The UK’s biggest water company, which has a £15.2bn debt mountain, has said it has enough cash to continue trading until at least May 2025. If it fails to secure new investment it could be placed into a special, government-handled administration.
‘Shop around’ as price cap adds £12 to monthly average British energy bill
Good morning, and welcome to our live, rolling coverage of business, economic and financial markets.

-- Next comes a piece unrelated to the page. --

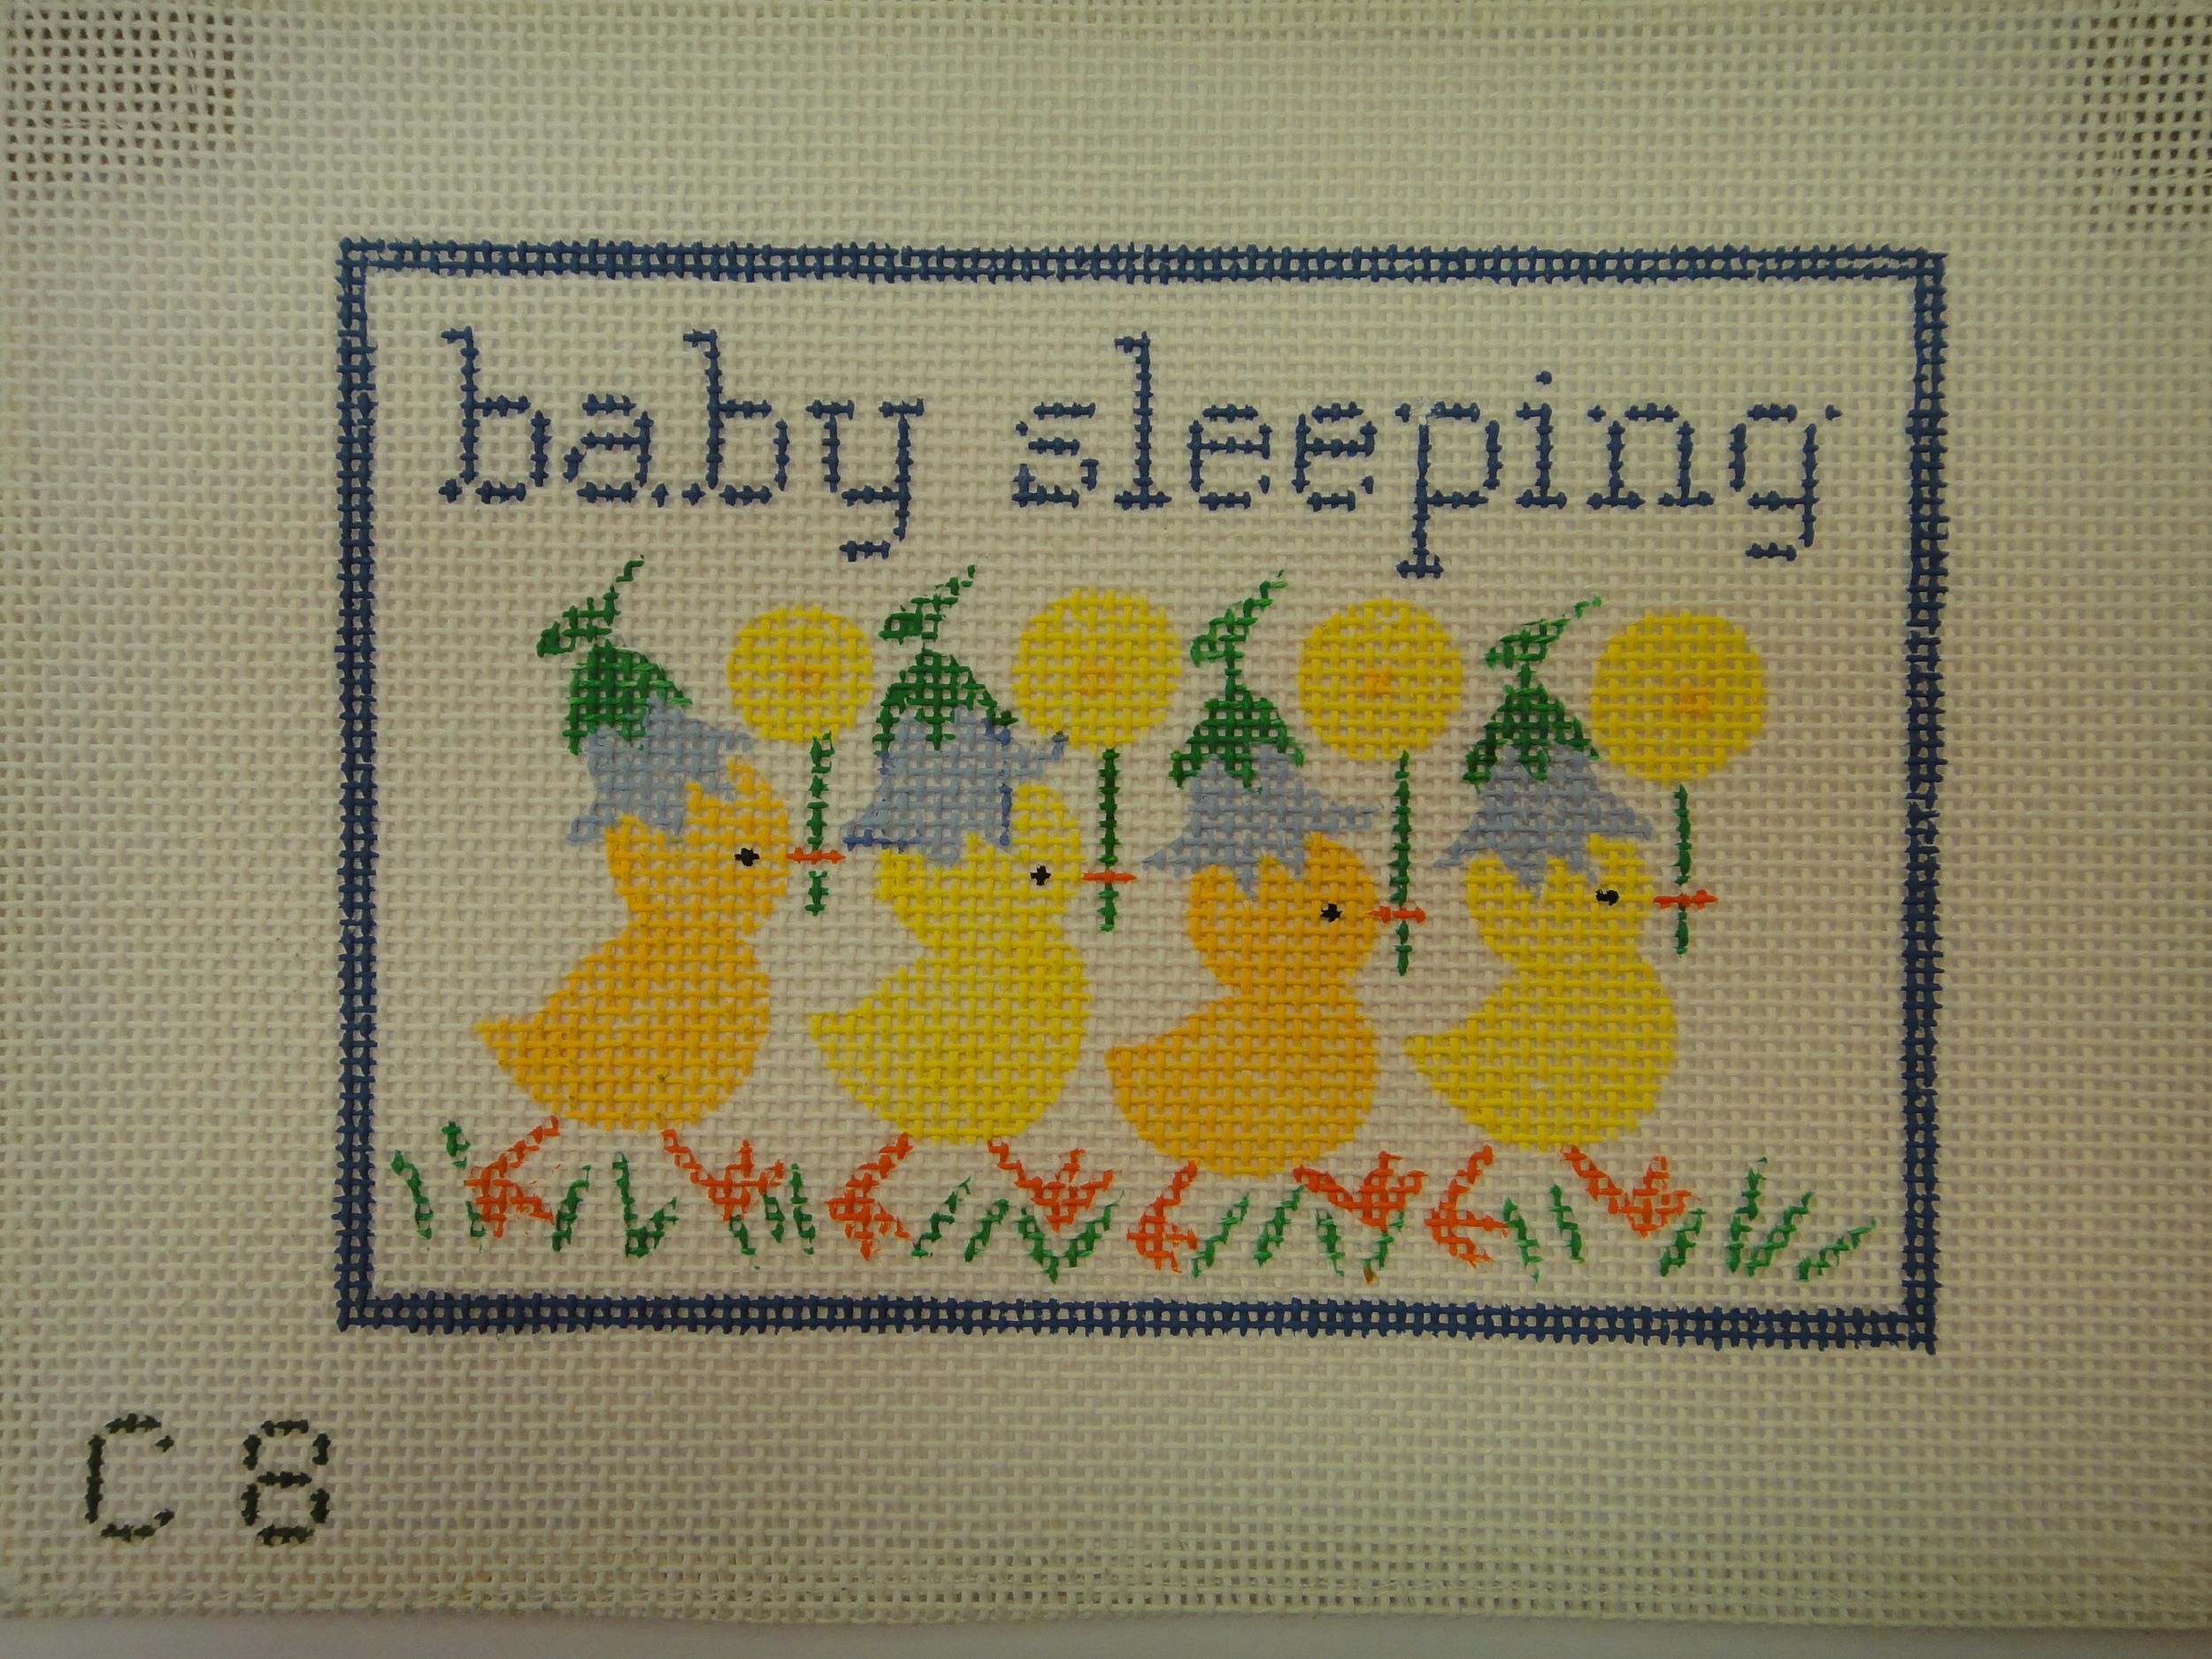 S21A Baby Sleeping with Ducks, Blue (7x5)

British regulator Ofgem has confirmed that the energy price cap has risen 10% to £1,717.
The maximum price for the average dual fuel energy tariff will rise from 1 October, Ofgem said. It will add about £12 per month to the standard fuel bill.
Ofgem’s price cap sets a maximum rate per unit and standing charge that can be billed to customers for their energy use – so the £1,717 number is only indicative, and households could pay more if they use more energy.
The regulator said:
Rising prices on the international energy market – due to increasing geopolitical tensions and extreme weather events driving competition for gas – are the primary cause of the rise, accounting for 82% of the increase.
It comes with the Gaza crisis threatening to spill out into a broader war between Israel and Hezbollah in Lebanon, and Ukraine’s surprise incursion into Russian territory.
The price cap has effectively set prices across households since the start of the energy crisis that was triggered by the war in Ukraine. However, Ofgem told consumers to “shop around”, as some households could now potentially save money.
Jonathan Brearley, chief executive of Ofgem, said:
We know that this rise in the price cap is going to be extremely difficult for many households. Anyone who is struggling to pay their bill should make sure they have access to all the benefits they are entitled to, particularly pension credit, and contact their energy company for further help and support.
I’d also encourage people to shop around and consider fixing if there is a tariff that’s right for you – there are options available that could save you money, while also offering the security of a rate that won’t change for a fixed period.